Although the gene sets were pre-selected to assess changes canonically involved in “neurodegeneration” or “neuroprotection” such as App, Apoe or Bdnf, a major limitation of this technique is that we must avoid making strong claims about the actual function of these up- or down-regulated genes without performing proper causal studies. We hope these findings provide an unbiased inventory of the changes induced within engram cells related to memory valence that can inspire future work testing the knock-in or knock-down of these genes to assess their direct impact on the brain and behavior.

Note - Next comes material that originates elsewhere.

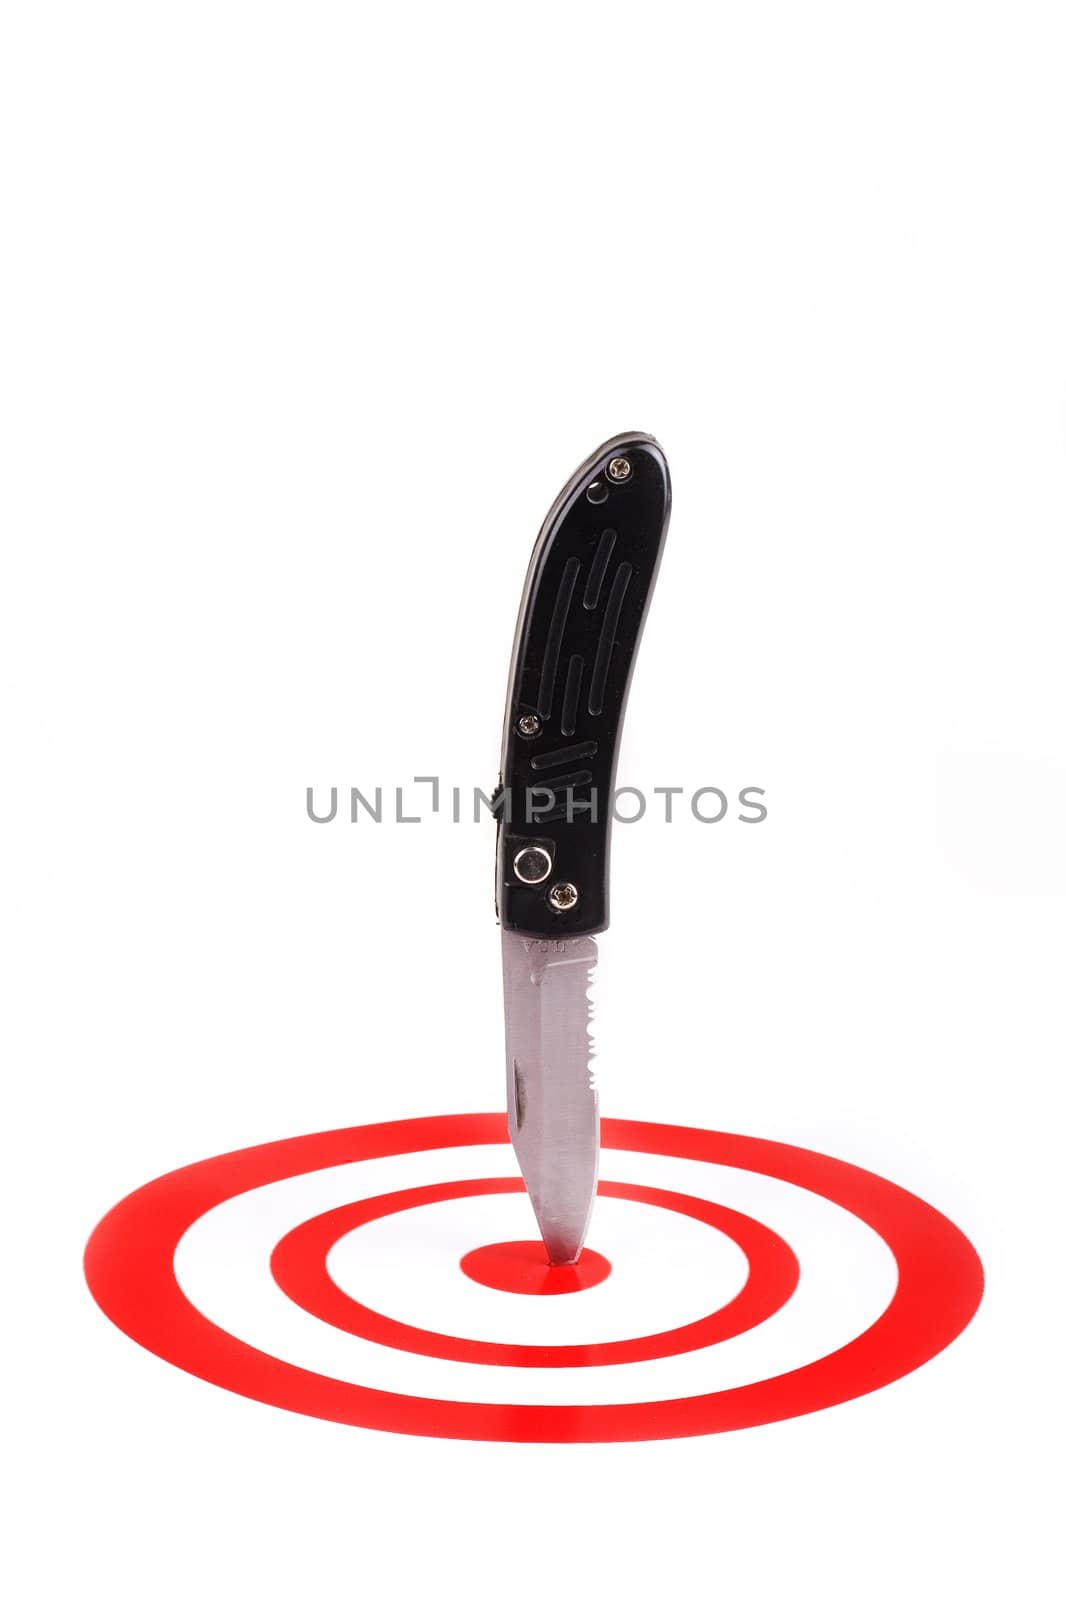 Pocket knife in red bullseye

Limitations of immunohistochemistry analysis

Despite our study’s assessment of changes in astrocytic and microglial morphology and number after our manipulation, using immunohistochemistry does not allow us to capture all changes that may be occurring at the gene or protein level, painting an incomplete picture of the impact on glial cells. Future work utilizing transcriptomic or proteomic profiling of both engram and non-neuronal cells will help the field understand how these cell types are interacting with one another and provide a more complete mechanistic understanding of these glial-related changes.

Acknowledgements

This material is based upon work supported by the Air Force Office of Scientific Research (AFOSR) under award number FA9550-21-1-0310, the Ludwig Family Foundation, an NIH Early Independence Award DP5 OD023106-01, NIH Transformative Award, Brain and Behavior Research Foundation Young Investigator Grant, McKnight Foundation Memory and Cognitive Disorders Award, Pew Scholars Program in the Biomedical Sciences, the Chan-Zuckerberg Initiative, and the Center for Systems Neuroscience and Neurophotonics Center at Boston University.

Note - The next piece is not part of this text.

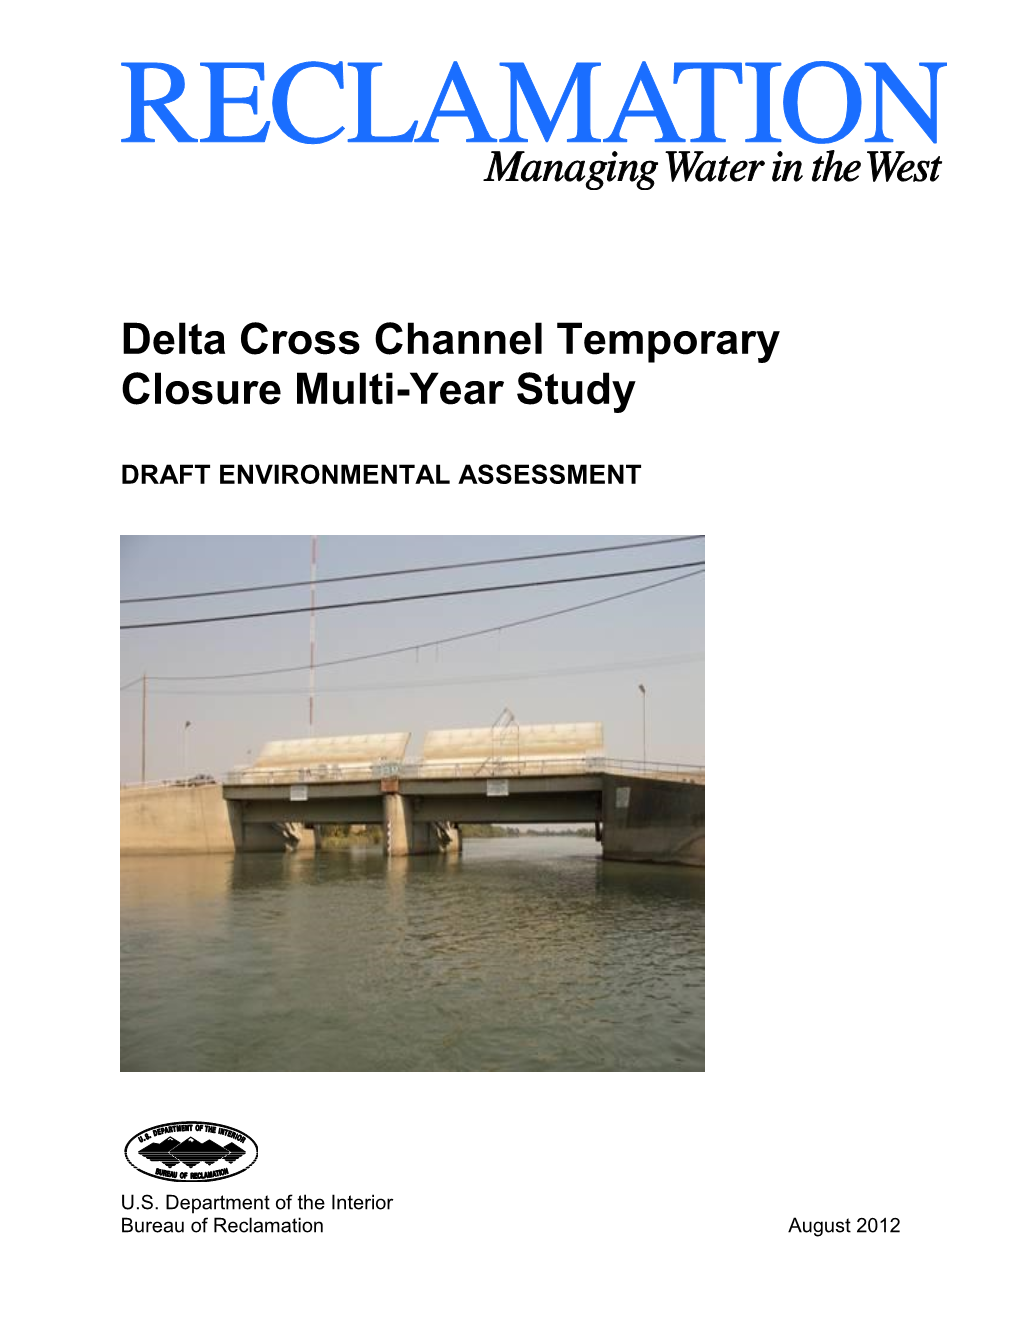 Delta Cross Channel Temporary Closure Multi-Year Study

Chronic stimulation of the negative engram does not induce neuronal death.

Representative images and quantification of NeuN+ cells in the (a-b) subiculum, (c-d) vDG, and (e-f) vCA1 of all groups (6 month mCherry and hM3Dq and 14 month mCherry and hM3Dq). Values are given as a mean + (SEM). Statistical analysis was performed with two-way ANOVA followed by Tukey’s post-hoc test. For cell counts, n=3 mice/group x 18 single tile ROIs each brain region (NeuN). No label = not significant, **p>0.001, ***p>0.0001, ****p>0.00001).

Analysis of astrocyte and microglial morphology using the MATLAB-based tool 3DMorph. a-d) Representative 3DMorph images of GFAP+ astrocytes in (a) 6 month mCherry, (b) 6 month hM3Dq, (c) 14 month mCherry, and (d) 14 month hM3Dq mice. (e-h) Representative 3DMorph images of Iba1+ microglia in (e) 6 month mCherry, (f) 6 month hM3Dq, (g) 14 month mCherry, and (h) 14 month hM3Dq mice.